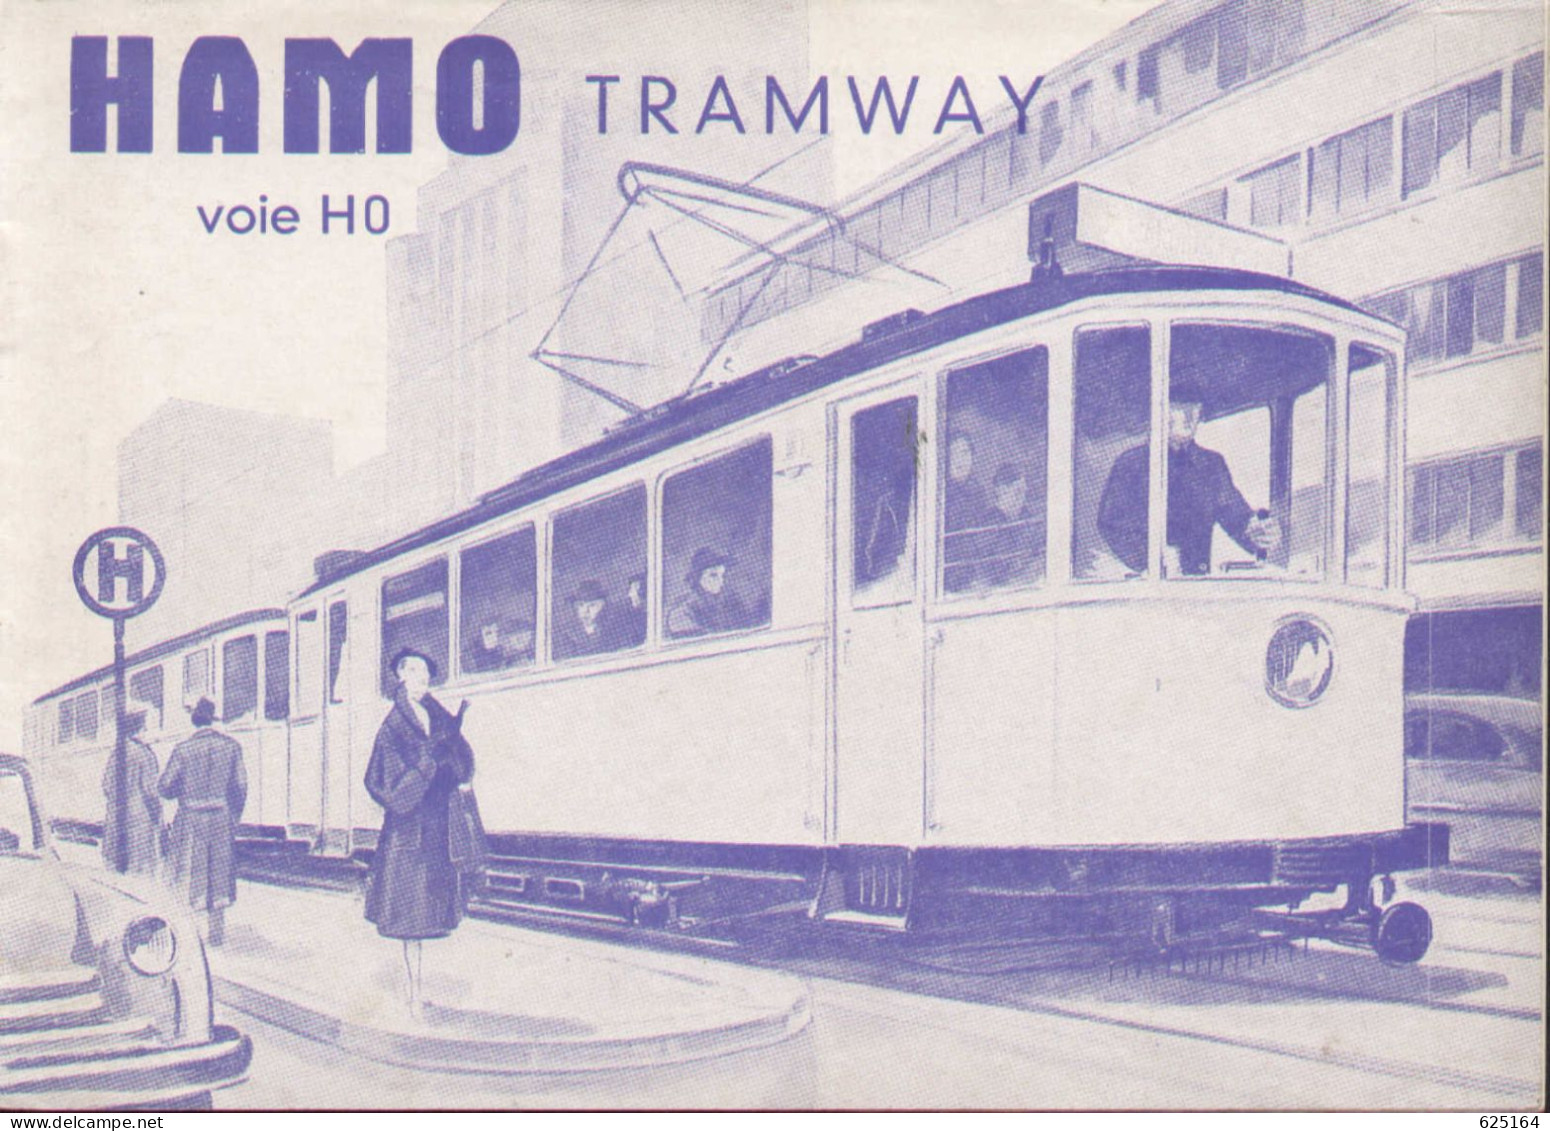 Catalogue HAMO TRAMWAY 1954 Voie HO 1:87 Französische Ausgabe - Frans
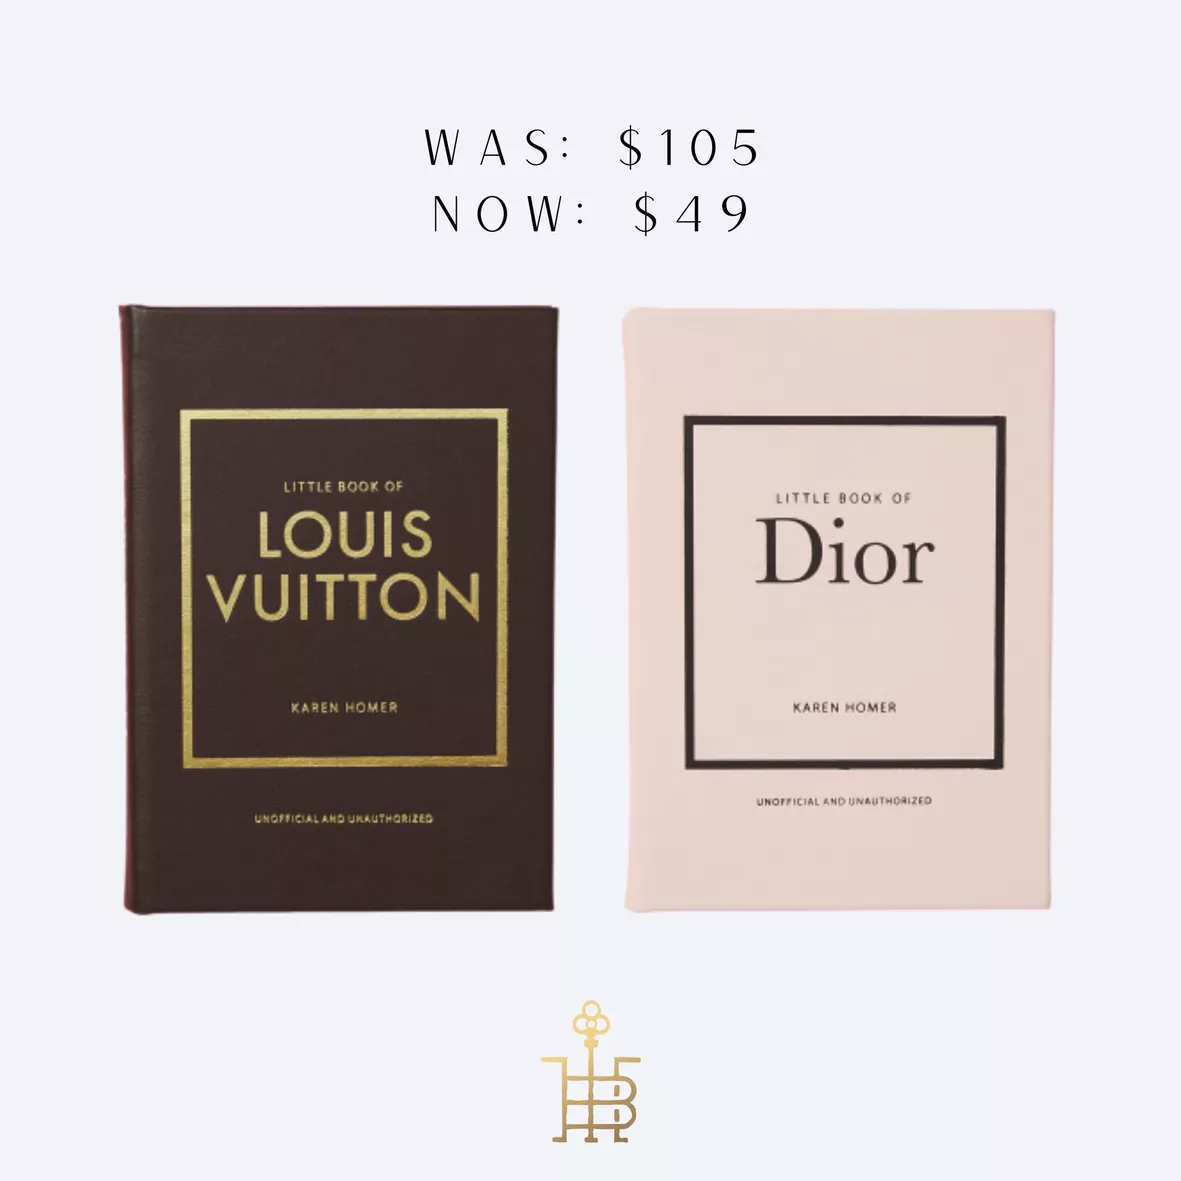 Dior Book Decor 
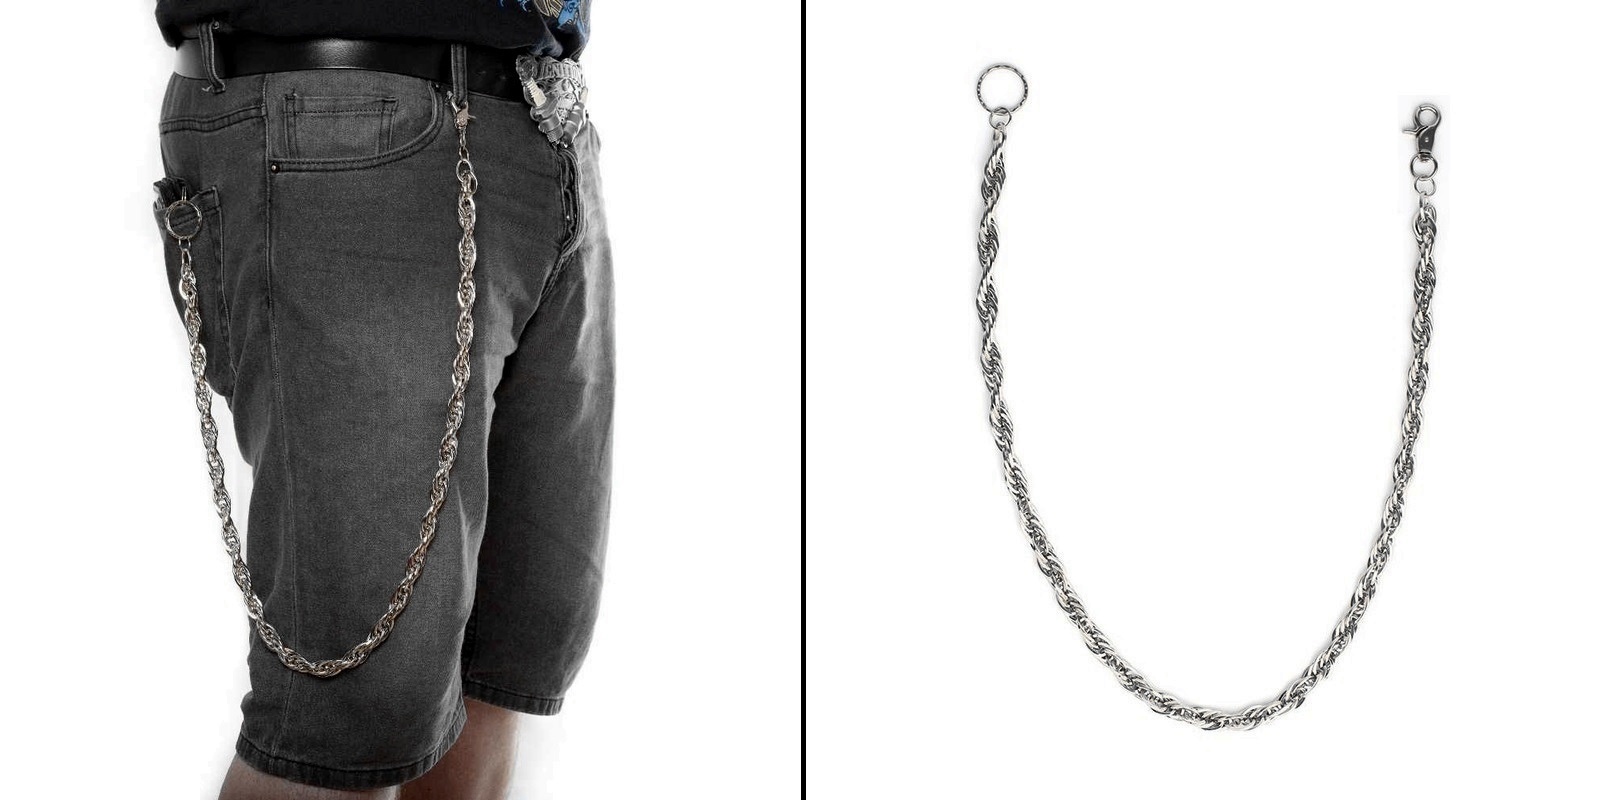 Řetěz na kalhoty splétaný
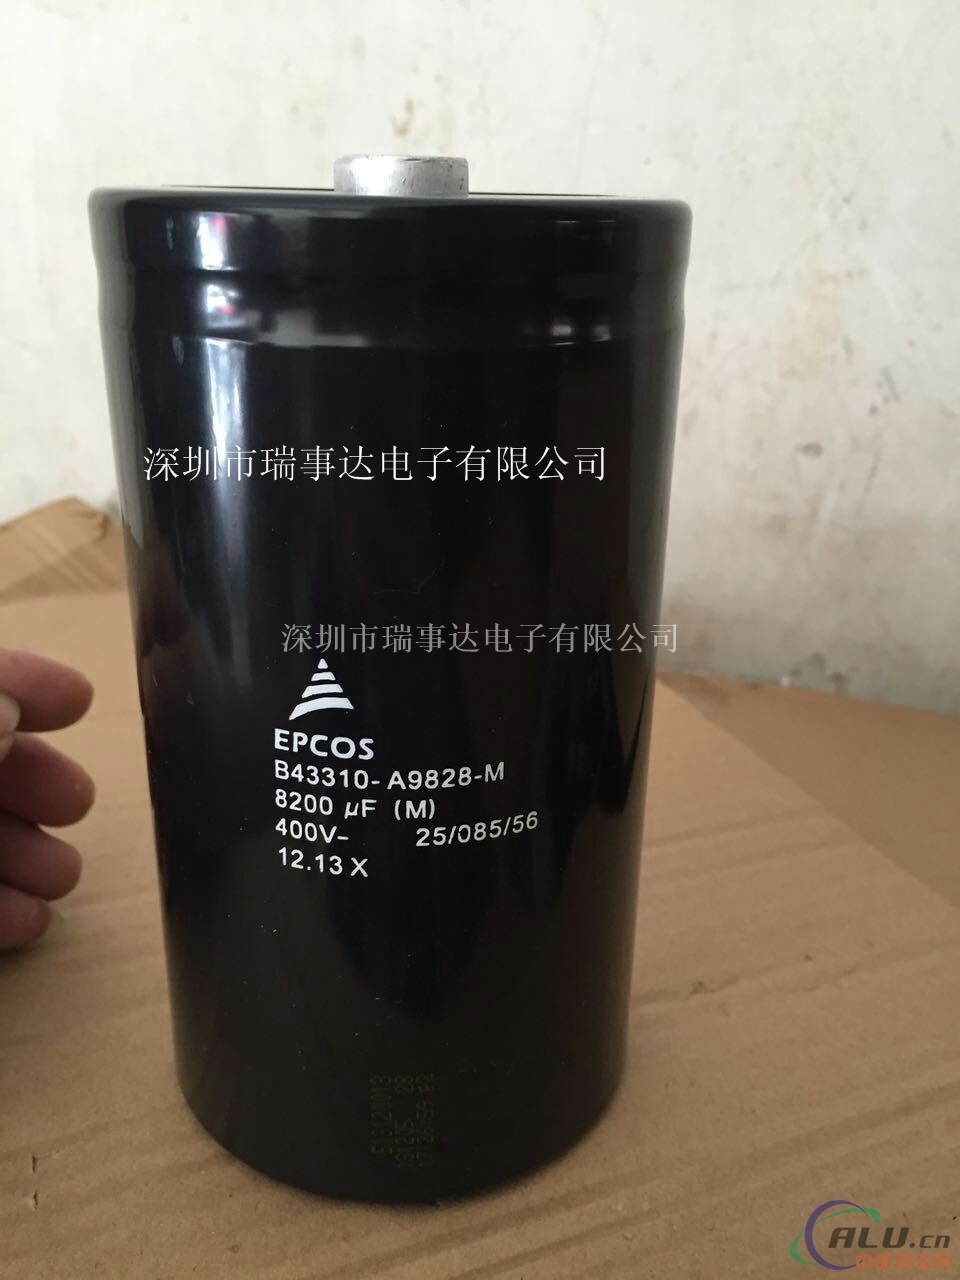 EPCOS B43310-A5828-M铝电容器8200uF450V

——

> **PROBLEM TO WORK ON**
Print the listing word for word, but omit the pictures.

> **SOLUTION**
 Catalogue HAMO TRAMWAY 1954 Voie HO 1:87 Französische Ausgabe - Frans
 Dior Book Decor 
 Řetěz na kalhoty splétaný
 EPCOS B43310-A5828-M铝电容器8200uF450V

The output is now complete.